Идеалист и романтик, Зайцев ткет свои золотые узоры и славит голубую звезду, нежную Вегу, и в прелестные акварели слова превращает подчас столь грубую жизнь. Свое пантеистическое примирение с миром, свое смирение и чистоту душевную, свою музыку духовную он выражает в легком лиризме, тонко и сквозисто, в прозрачных полутонах, и словесные ткани его просты, изящны, без узлов. Там, где его достоинства переходят в соответственные недостатки, он бывает однообразен, бледен, малокровен, но от этого скоро отрешается, и опять берет у него свои права все то, что есть прекрасного в молитве, в смиренности, в ослабленности красок и шумов резкого существования. При этом, однако, последнее у Зайцева не улетучивается, не исчезает, и он не изменяет реализму, даже натурализму. Но как-то так у него выходит, что самая материя в его рассказах духовна, как, в свою очередь, дух материален; в его рассказах материя легка, и так хорошо себя чувствует он в Рафаэлевом «светлом хоре отвлеченностей». Остается только minimum вещности, испаряется излишняя густота. Этому соответствует обилие белого. И мы видим белые соборы, перламутровые облака и девушек в белых платьях – «белый лет» танцующих гимназисток; «как будто белые голубицы кружат над их душами, и сами души курятся – белесым, весенним дымом». Подобно бельгийцу Роденбаху, Борис Зайцев – певец белизны. Но белое и голубое, его любимые цвета, соединяются, дают разнообразные оттенки, и солнце, которое стелет под ноги людям свои «голубовато-золотистые, бледно-персиковые ковры», в конце концов преобладает в его творчестве и одерживает сияющую победу над «сестрой-луной», этим «небесным меланхоликом», и зайцевский лунатизм отступает перед властью солнца, «золотого приятеля», который напояет липы, и ласкает «теплое, прозрачно-персиковое тело» молодой женщины, и от пряжки женского пояса отражается «золотыми зайчиками». Золотое вино солнца, благодатный напиток всего живого, светлым опьянением пьянит нашего художника, и он верит, что когда будет окончательно преодолена ночь, тютчевская ночь, которую он тоже проникновенно воспринимает, когда будет низринут в бездну хаоса сфинкс мировой ночи, тогда мы не станем бесплотными духами, а будет у нас «роскошное, плывучее и нежное тело», которое «будет как-то мягко кипеть, пениться и вместо смерти таять, а может, и таять не будет, и умирать не будет». Это – своеобразный, очень утонченный материализм, который так приближается к своей противоположности – к спиритуализму.
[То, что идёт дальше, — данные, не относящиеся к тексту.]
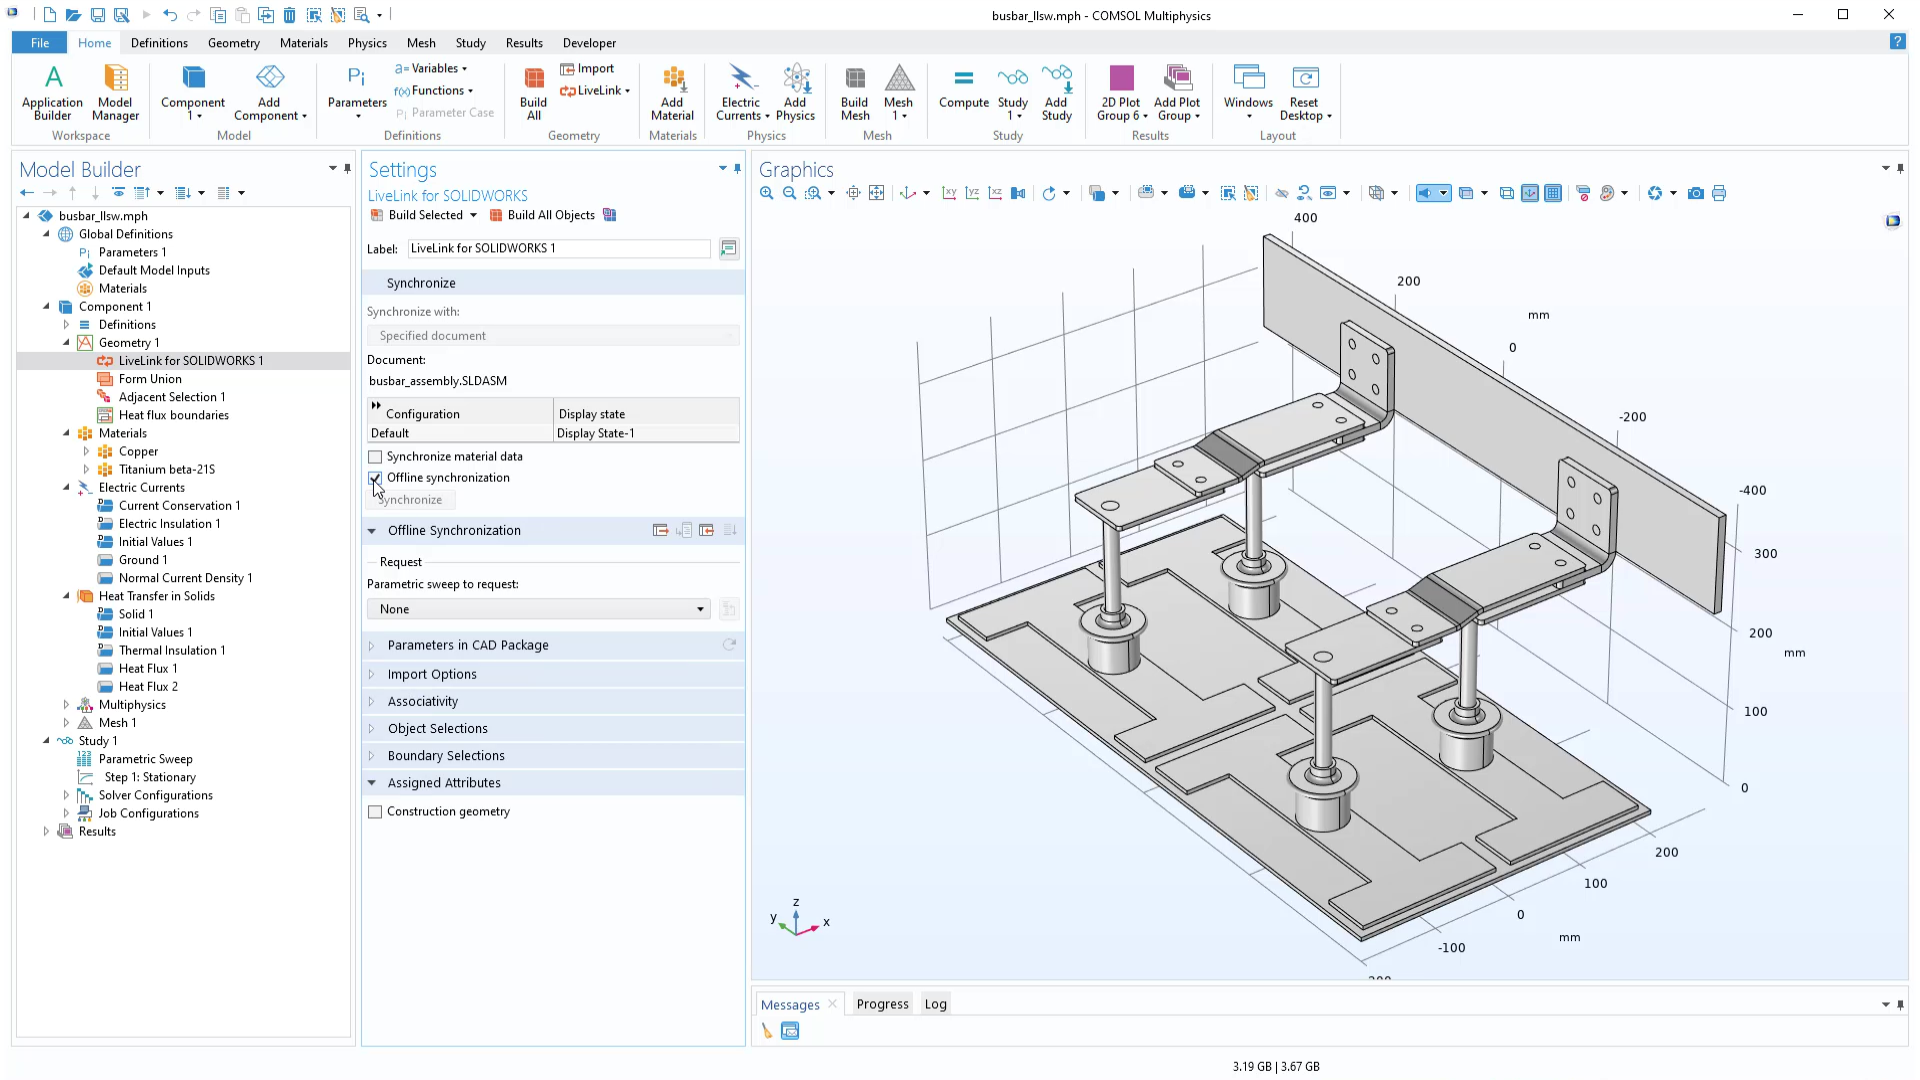 The COMSOL Multiphysics version 6.0 UI with a busbar geometry in the Graphics window and the settings for LiveLink for SOLIDWORKS with the Offline Synchronization section expanded.

Вообще под пером у Зайцева жизнь легче весит; она становится не менее серьезной, не менее внутренне веской, но менее грузной, когда он кладет ее на свои творческие весы. У него «в легкой ладье отчаливает Учитель к островам блаженных», и вот именно облегченность, блаженность, отрешенность неуловимыми токами струится от его хрустальных слов. Чувство солнца, освещения, озаренности кладет свои блики на рассказы Зайцева, побеждая обрюзглость материи и тягостное давление предметов. Своего «Рафаэля» и «Карла V» писал он в России, между 1919 и 1922 годами, в холоде и голоде, среди тифа, смертей и смертных казней <так: без запятой. – Е.Д.> в дыму старых дров, около чадящей печурки. И все это нисколько не помешало одухотворенности повествования, и точно какие-то кадильницы духа возносят здесь к небу свой скромный фимиам, и в ровном горении, в их кротком курении творится это поэтическое чудо: перегорает вся тяжесть и жесткость, и скудость наших дней, рассеиваются их темный пепел и злоба, и остаются от них в душе только их идеальный смысл и след, молитвенное напоминание и задумчивость.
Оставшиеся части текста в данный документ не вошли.